DATA PROVIDED:
——————————
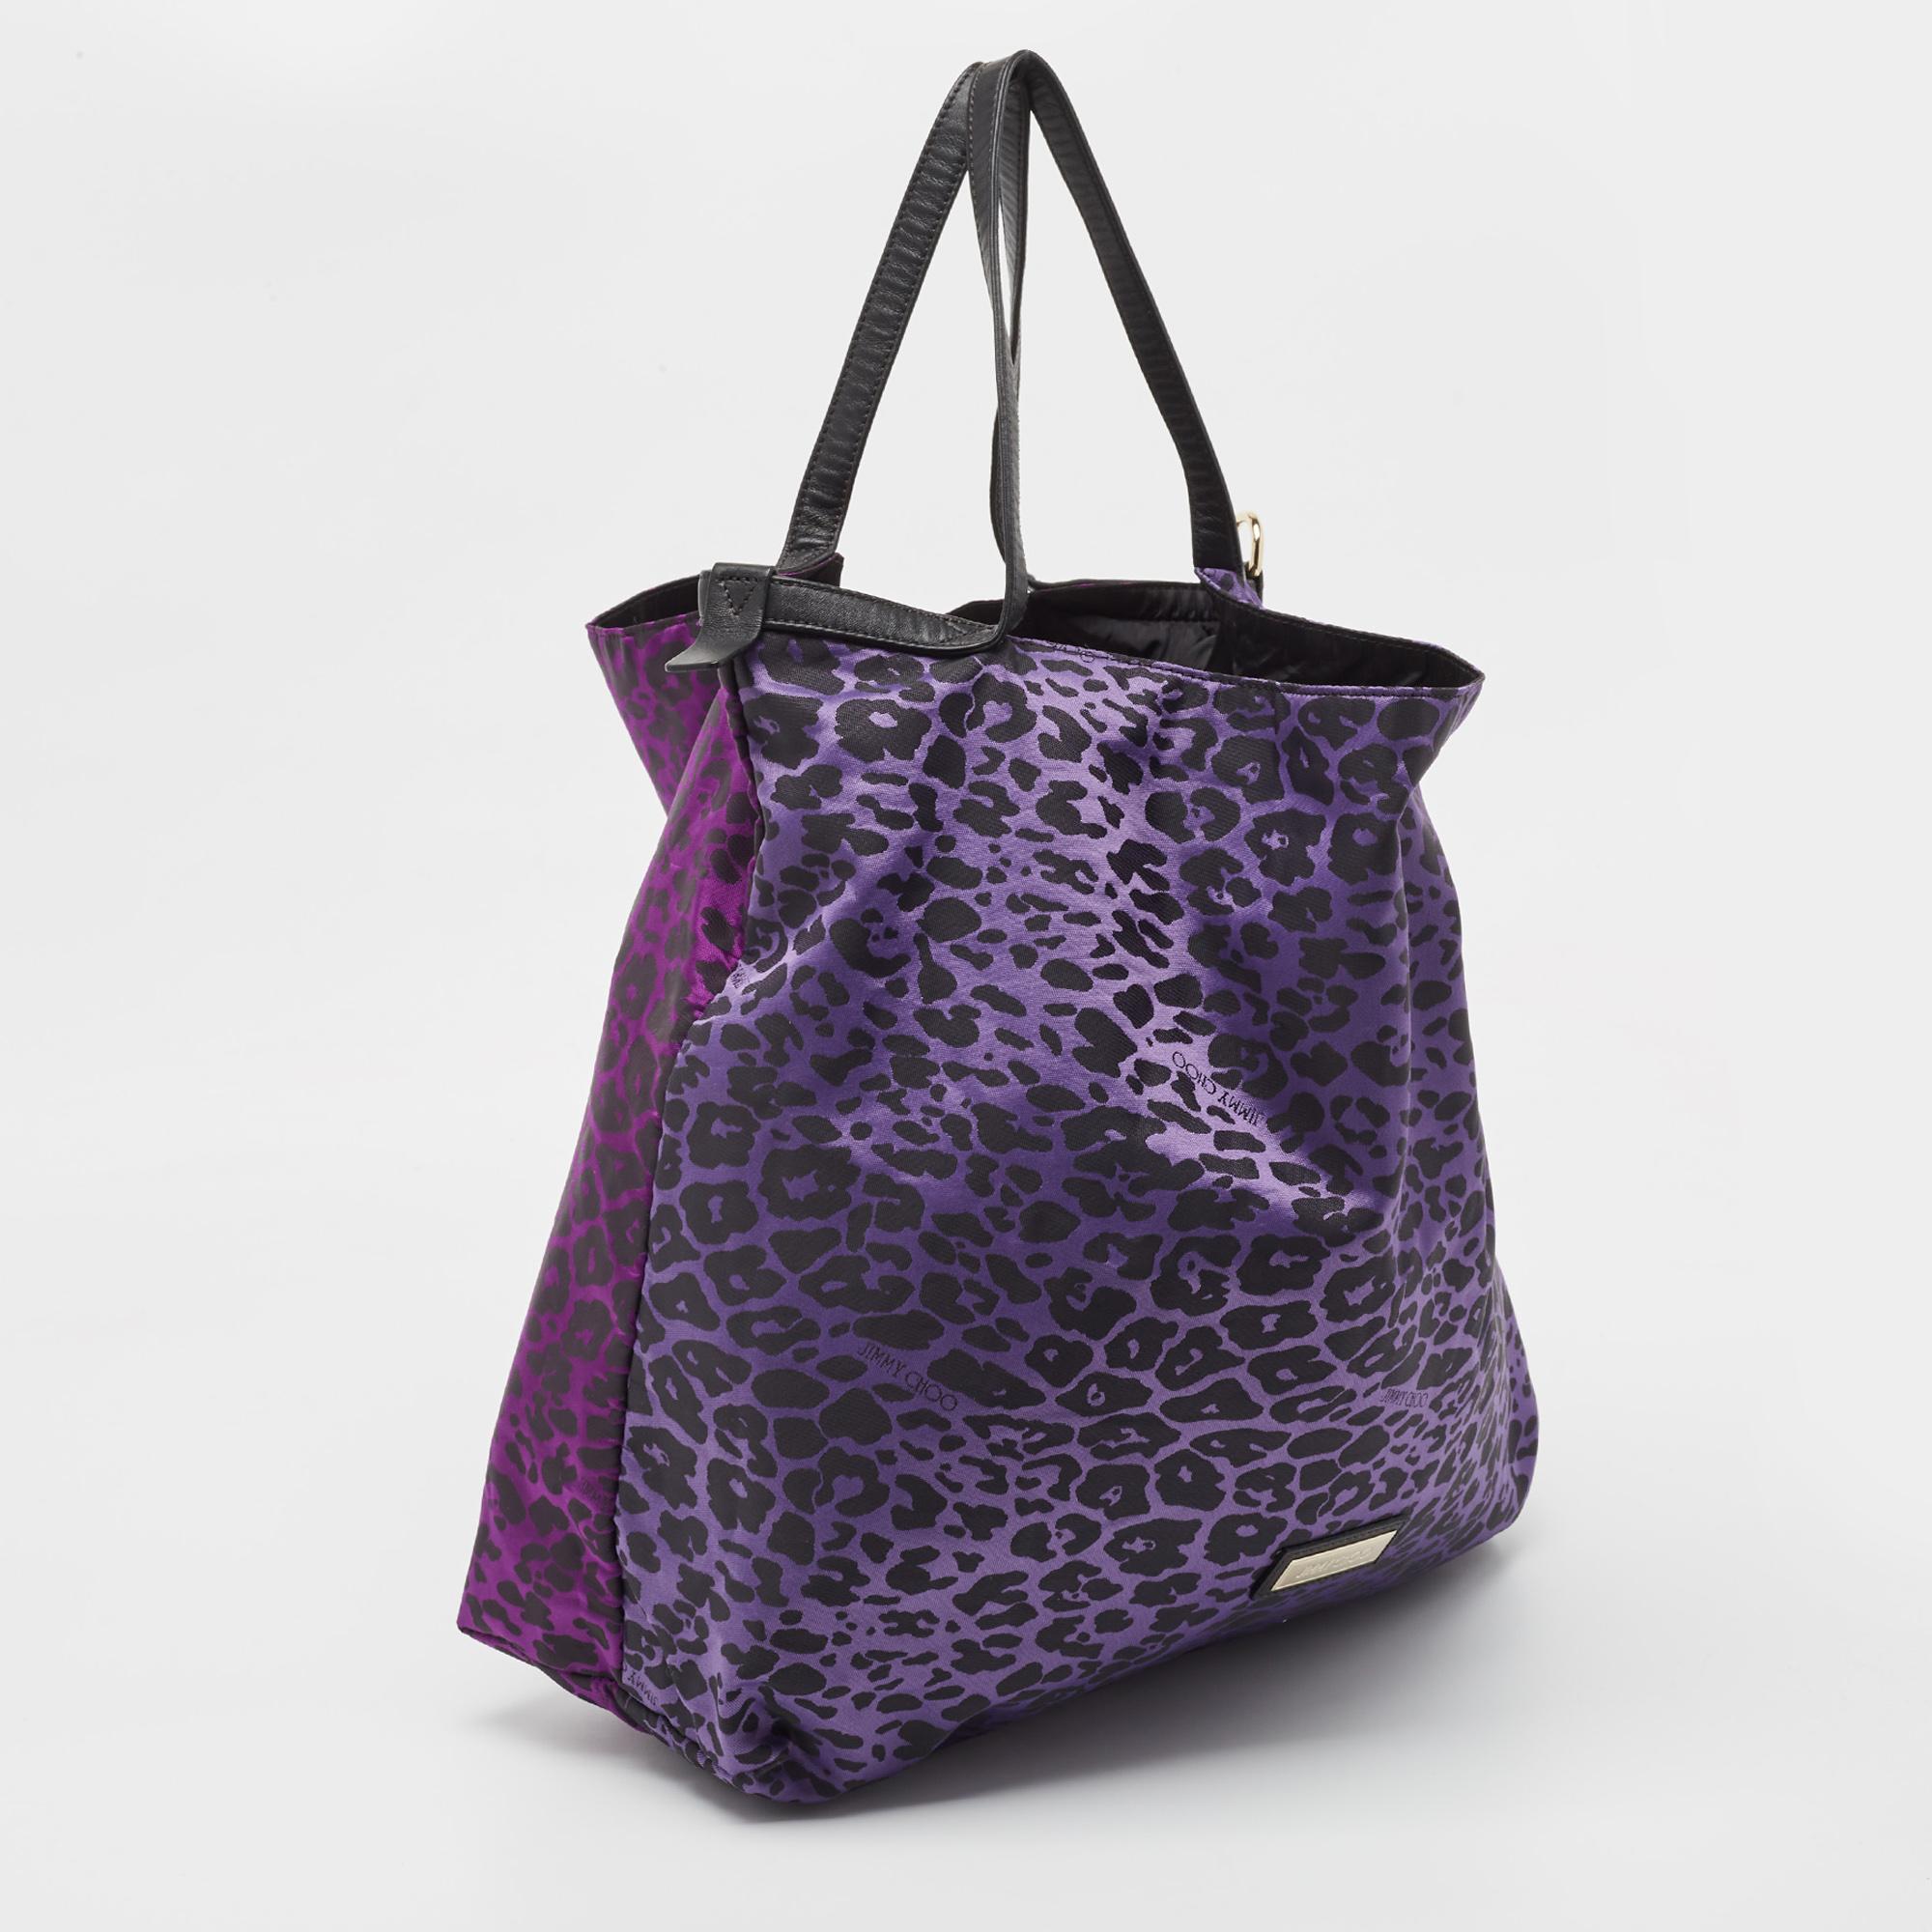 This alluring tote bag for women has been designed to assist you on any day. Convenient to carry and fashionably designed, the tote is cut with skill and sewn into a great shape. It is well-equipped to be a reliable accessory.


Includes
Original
——————————
DESCRIPTION OF THE TASK: Word for word, repeat the data above with the pictures left out.

ANSWER BOX:
 This alluring tote bag for women has been designed to assist you on any day. Convenient to carry and fashionably designed, the tote is cut with skill and sewn into a great shape. It is well-equipped to be a reliable accessory.


Includes
Original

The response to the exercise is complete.